Posted by mixtroy on 12/6/2011 10:58:00 PM (view original):
Zube, from I understand, that's SUPPOSED to be how it works, but I've seen no real evidence of it with any of my teams. I use both modern and deadball pitchers, and have had great and bad fielding with both types while using pretty much the same infielders.
Try using Jim McCormick `85. I promise you'll see a difference in fielding, and you won't like it a bit. He could turn Ozzie's hands to stone.
To answer pfattkatt's original question, I think recent updates have priced fielding almost out of the ballpark. You can win an OL pretty easily with good hitting and poor fielding; it is virtually impossible to win with good fielding and poor hitting unless you have phenomenal pitching. I think you can win OL regular seasons about equally with good hitting or good pitching. Good pitching trumps everything in the playoffs.

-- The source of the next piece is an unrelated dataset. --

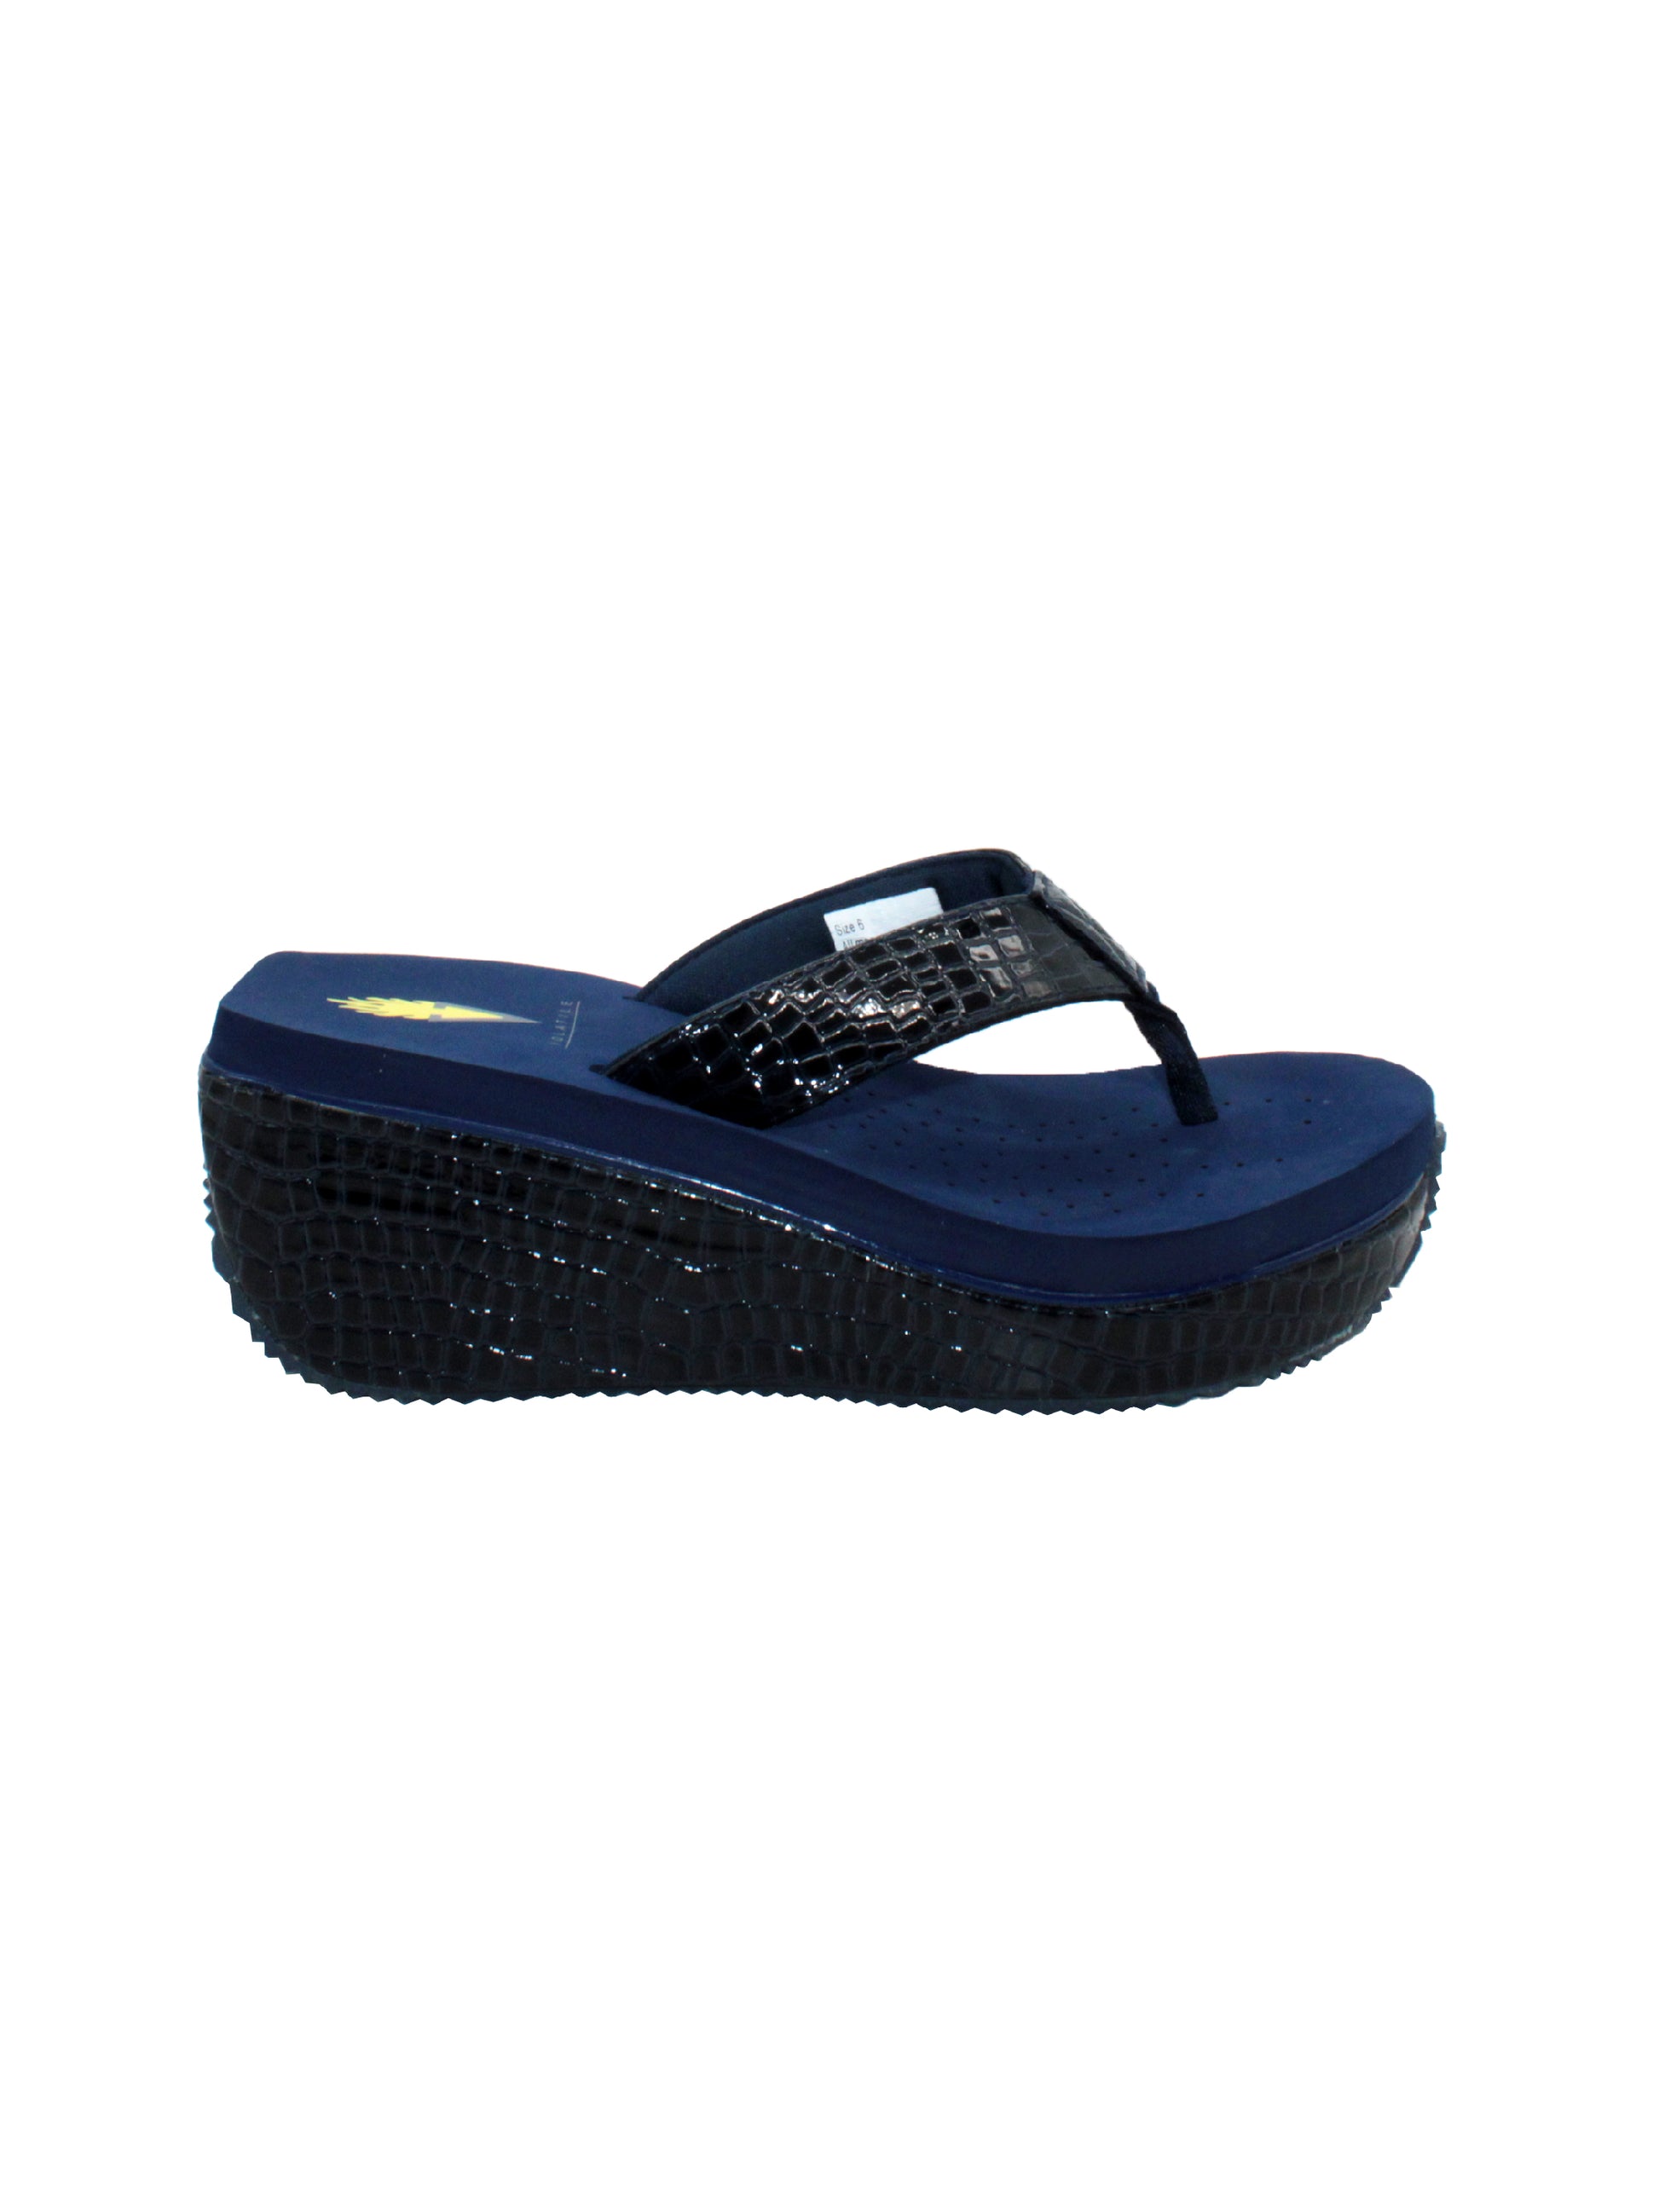 Women's Flip Flop Sandals, Black & Blue Flip Flop Sandals

I still try to split the difference between hitting and fielding. You can't generally afford good hitters with good FPCT AND good range in an OL, but you can afford one or the other -- good hitting and good range (Carlos Beltran, Terry Pendleton, Harry Stovey, Jack Doyle) or good hitting and good fielding (Roberto Alomar `92, HoJo, Wade Boggs `95) and teams built intelligently around those cookies almost always do well.